India, the fifth most polluted country in the world, breathes in poison daily. Delhi set a new pollution record in November 2024, registering air quality so hazardous that schools shut down, flights were grounded, and entire neighbourhoods disappeared behind toxic haze.

And yet, life continued. Offices remained open, cars clogged highways, street vendors coughed into their palms and adjusted their masks. We adapted, as we always do.

In Los Angeles, the world burns in a different way. The hillsides, dry from relentless droughts, ignite with terrifying ease. The fires creep closer each year, smoke blotting out the sun, turning the sky a sickly orange. People evacuate, but many stay, accustomed now to the seasonal infernos. They wear masks, not just for a pandemic but to filter the ash from the air. The news cycles through footage of mansions ablaze, of highways lined with red embers, but soon moves on.

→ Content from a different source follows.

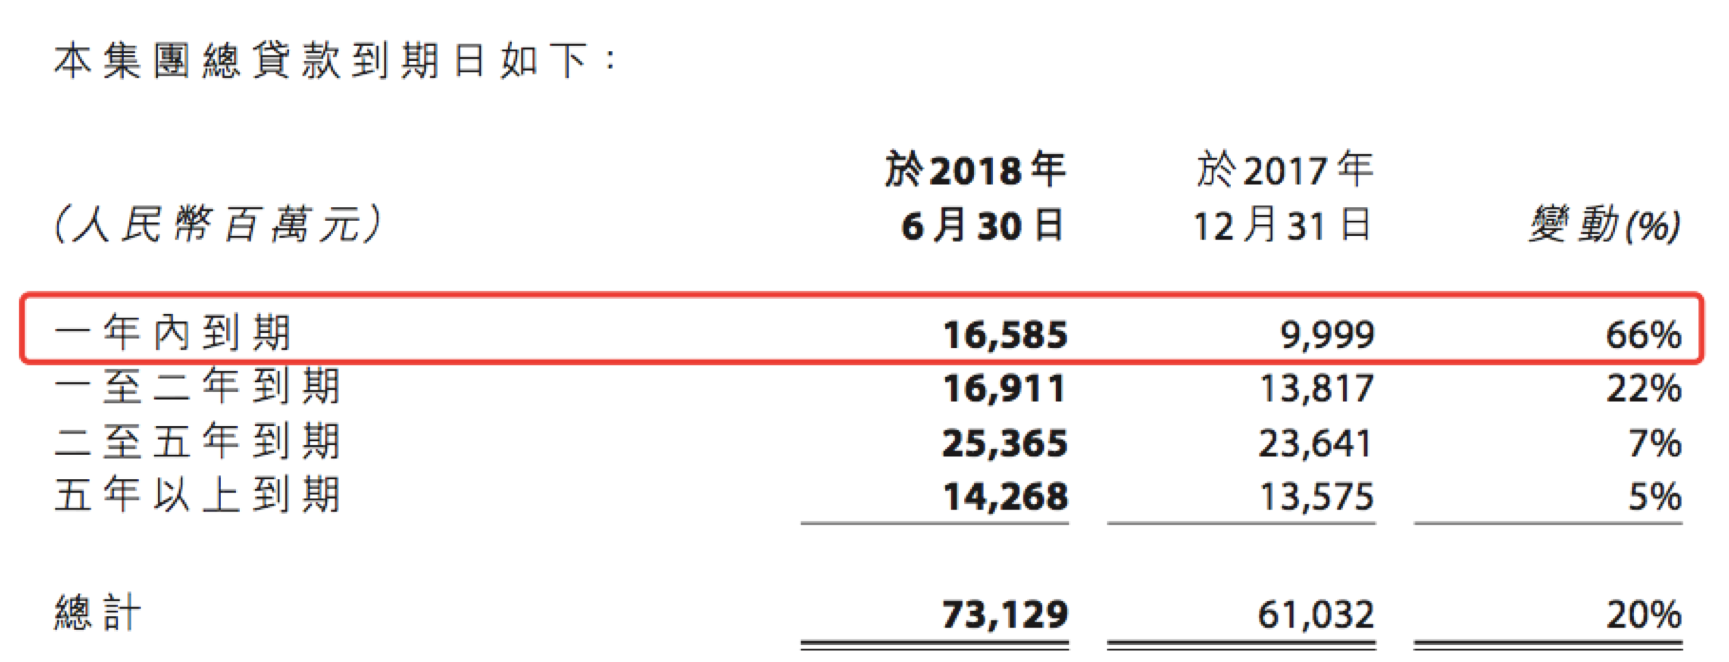 半年报点评|远洋集团:毛利率上升至24% 资产总值增至2192亿元-中国网地产

Insurance claims are filed. The city rebuilds.

We used to mark time by the seasons. Now, we mark it by disasters. The summer the fires reached the city limits. The winter when the power grids failed. The monsoon that drowned the subways.

The sky turns orange, and we take photos of it. We caption it: Eerie but beautiful. We order groceries, the courier arriving in the haze, their mask the only barrier between lungs and poison. We rate the delivery five stars.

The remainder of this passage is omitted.